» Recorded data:
::::::
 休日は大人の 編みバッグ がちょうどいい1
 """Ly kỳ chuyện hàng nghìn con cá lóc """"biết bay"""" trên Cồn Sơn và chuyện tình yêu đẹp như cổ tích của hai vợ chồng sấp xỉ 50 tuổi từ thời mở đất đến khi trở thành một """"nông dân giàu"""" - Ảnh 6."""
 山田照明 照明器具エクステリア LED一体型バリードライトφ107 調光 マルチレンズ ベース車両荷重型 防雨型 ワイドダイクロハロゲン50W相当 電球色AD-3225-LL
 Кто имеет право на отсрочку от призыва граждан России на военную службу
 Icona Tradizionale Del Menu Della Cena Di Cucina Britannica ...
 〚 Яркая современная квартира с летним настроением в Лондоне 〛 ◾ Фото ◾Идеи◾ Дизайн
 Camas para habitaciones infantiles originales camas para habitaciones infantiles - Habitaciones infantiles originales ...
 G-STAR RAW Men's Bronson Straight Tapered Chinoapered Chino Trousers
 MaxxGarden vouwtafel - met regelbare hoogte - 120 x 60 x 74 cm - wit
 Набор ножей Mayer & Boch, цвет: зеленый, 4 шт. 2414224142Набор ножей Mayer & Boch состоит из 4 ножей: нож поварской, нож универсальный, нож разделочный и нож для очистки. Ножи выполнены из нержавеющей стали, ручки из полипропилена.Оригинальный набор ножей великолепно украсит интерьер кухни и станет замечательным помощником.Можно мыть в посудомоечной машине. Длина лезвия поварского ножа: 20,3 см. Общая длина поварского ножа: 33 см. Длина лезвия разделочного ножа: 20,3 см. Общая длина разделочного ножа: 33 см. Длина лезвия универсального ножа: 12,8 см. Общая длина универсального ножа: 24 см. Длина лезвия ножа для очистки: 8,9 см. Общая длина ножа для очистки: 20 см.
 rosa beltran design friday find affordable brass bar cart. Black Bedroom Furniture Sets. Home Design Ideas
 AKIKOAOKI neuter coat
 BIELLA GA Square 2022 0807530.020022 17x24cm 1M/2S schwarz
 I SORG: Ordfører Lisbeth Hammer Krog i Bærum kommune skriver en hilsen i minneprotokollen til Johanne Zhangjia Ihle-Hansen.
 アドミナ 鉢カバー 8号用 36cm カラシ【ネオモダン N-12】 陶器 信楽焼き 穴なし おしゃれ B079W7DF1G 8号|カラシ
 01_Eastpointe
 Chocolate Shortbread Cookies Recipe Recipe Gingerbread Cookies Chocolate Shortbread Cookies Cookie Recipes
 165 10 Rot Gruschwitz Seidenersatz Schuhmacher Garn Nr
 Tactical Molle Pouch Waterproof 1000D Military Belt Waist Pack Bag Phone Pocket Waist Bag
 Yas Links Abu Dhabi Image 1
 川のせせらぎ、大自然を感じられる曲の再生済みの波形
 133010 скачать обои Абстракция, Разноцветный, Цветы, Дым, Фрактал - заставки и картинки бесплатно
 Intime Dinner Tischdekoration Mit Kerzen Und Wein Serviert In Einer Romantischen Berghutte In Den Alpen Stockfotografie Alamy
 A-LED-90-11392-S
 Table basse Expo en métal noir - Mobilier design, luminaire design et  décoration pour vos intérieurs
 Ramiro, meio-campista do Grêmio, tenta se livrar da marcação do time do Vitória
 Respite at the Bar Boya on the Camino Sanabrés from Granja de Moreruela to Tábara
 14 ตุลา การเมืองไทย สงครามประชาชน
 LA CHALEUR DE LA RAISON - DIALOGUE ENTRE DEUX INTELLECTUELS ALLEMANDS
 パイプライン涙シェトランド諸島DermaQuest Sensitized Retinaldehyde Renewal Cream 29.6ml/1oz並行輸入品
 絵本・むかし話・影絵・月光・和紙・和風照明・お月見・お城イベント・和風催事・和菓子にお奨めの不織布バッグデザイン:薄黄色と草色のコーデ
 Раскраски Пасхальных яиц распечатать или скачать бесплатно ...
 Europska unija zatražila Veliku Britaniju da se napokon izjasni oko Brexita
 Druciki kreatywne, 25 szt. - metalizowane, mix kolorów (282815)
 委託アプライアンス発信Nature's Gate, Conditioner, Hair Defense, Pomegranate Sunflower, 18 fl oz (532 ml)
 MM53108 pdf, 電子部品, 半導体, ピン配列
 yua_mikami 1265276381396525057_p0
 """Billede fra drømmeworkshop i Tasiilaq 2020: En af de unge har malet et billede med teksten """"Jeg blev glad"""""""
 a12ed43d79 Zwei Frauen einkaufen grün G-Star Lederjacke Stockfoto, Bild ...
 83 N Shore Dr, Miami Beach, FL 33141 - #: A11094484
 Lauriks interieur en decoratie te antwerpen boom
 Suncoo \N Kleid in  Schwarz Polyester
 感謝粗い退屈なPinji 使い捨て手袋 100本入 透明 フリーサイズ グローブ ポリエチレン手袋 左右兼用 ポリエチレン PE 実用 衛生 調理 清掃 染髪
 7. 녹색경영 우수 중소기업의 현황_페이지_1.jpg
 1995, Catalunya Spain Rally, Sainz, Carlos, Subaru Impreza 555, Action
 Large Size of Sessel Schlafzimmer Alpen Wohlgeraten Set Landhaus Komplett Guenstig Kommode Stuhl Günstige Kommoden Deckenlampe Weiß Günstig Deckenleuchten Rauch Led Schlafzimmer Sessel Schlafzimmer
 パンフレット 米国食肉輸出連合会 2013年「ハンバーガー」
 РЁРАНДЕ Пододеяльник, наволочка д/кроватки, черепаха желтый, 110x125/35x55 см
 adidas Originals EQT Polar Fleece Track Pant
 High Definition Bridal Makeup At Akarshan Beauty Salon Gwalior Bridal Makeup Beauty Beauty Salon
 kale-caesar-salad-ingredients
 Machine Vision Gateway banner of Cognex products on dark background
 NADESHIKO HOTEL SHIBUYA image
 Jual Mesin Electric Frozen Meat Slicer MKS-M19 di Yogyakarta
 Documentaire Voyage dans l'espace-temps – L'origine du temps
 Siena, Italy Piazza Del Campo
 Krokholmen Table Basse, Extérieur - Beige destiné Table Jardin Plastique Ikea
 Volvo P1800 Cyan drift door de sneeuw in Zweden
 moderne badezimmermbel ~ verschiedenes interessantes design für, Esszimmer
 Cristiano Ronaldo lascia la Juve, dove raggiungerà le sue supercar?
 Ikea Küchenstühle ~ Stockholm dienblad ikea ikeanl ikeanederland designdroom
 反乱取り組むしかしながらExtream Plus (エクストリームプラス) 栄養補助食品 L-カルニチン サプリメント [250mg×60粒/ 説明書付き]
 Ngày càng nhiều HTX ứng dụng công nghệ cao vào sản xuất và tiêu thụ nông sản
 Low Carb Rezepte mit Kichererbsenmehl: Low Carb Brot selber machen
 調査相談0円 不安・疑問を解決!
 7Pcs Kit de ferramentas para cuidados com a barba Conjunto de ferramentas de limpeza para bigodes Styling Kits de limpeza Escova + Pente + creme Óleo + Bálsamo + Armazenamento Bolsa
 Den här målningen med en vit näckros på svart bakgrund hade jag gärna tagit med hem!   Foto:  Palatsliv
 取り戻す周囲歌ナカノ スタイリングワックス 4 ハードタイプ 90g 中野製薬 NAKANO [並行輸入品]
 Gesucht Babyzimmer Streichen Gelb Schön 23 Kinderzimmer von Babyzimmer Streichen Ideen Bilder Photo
::::::
» Instructions to follow:
Would you please repeat exactly the lines above, starting at the line with "パンフレット 米国食肉輸出連合会 2013年「ハンバーガー」" and stopping at the line with "High Definition Bridal", both included?

» Answer below:
 パンフレット 米国食肉輸出連合会 2013年「ハンバーガー」
 РЁРАНДЕ Пододеяльник, наволочка д/кроватки, черепаха желтый, 110x125/35x55 см
 adidas Originals EQT Polar Fleece Track Pant
 High Definition Bridal Makeup At Akarshan Beauty Salon Gwalior Bridal Makeup Beauty Beauty Salon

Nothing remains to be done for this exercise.